In fact two bytes are signed bytes. so i have to ignore Most significant bits and concatenate 7 remaining bits.

Here is my code with simple example. I get the last 7 bits of each byte. then i left shift first byte by 7 and add the second byte. however it does not give the correct result.

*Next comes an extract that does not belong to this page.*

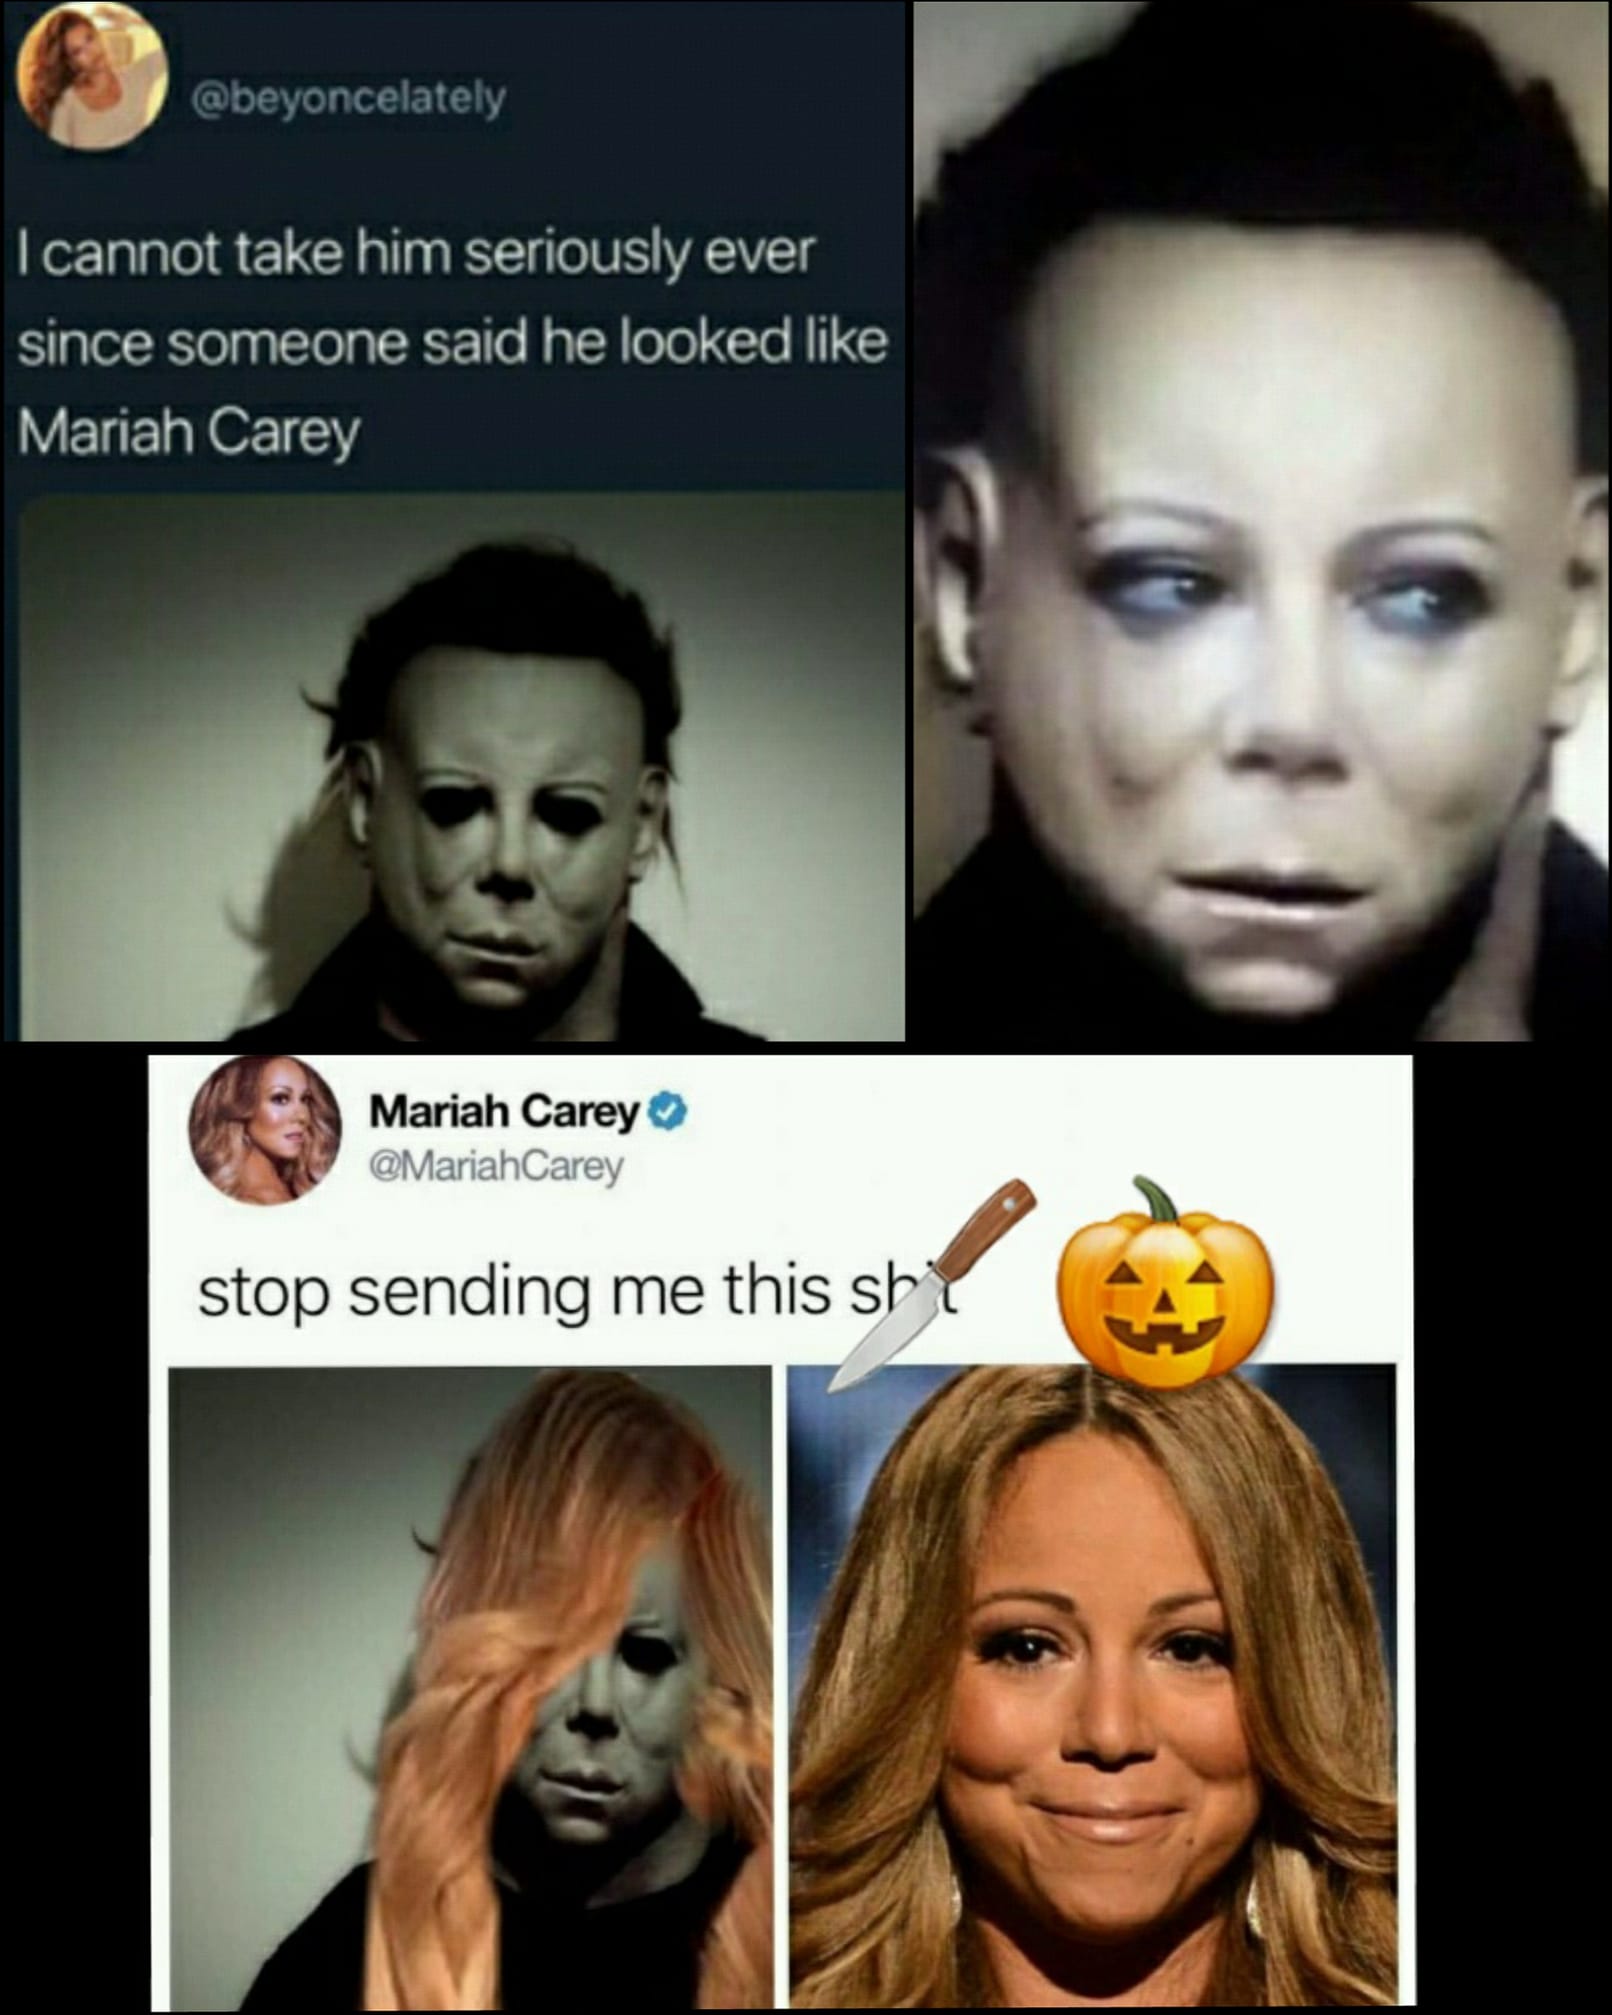 daily dose of randoms - Mariah Carey - I cannot take him seriously ever since someone said he looked Mariah Carey Mariah Carey Carey stop sending me this sh

byte b1 = 131; // 10000011
byte b2 = 96;  // 01100000

//Ignoring most significant bit and get 7 remaining bits.
byte t1 = (byte) (b1 & 127); // 0000011 in 8-bits saved as 00000011
byte t2 = (byte) (b2 & 127); // 1100000 in 8-bits saved as 01100000

// Left shift first byte by 7. and add the second byte
// t1:  00000011 0000000
// t2:         0 1100000  +
//      00000011 1100000  =
int ut1t2 = t1 << 7 + t2; // 480 is expected but it gives 384

Upvotes: 2

Views: 109

Answers (2)

Sergey Kalinichenko
Sergey Kalinichenko

Reputation: 726869

You get a wrong result because << has lower precedence then +. You can do it with | without brackets (bitwise OR is more common than + when operating on bits)

int ut1t2 = t1 << 7 | t2;

Or even do it in one line, like this:

int ut1t2 = ((b1 & 127) << 7) | (b2 & 127);

Upvotes: 3

sstan
sstan

Reputation: 36513

Missing brackets :(

int ut1t2 = (t1 << 7) + t2; // returns 480!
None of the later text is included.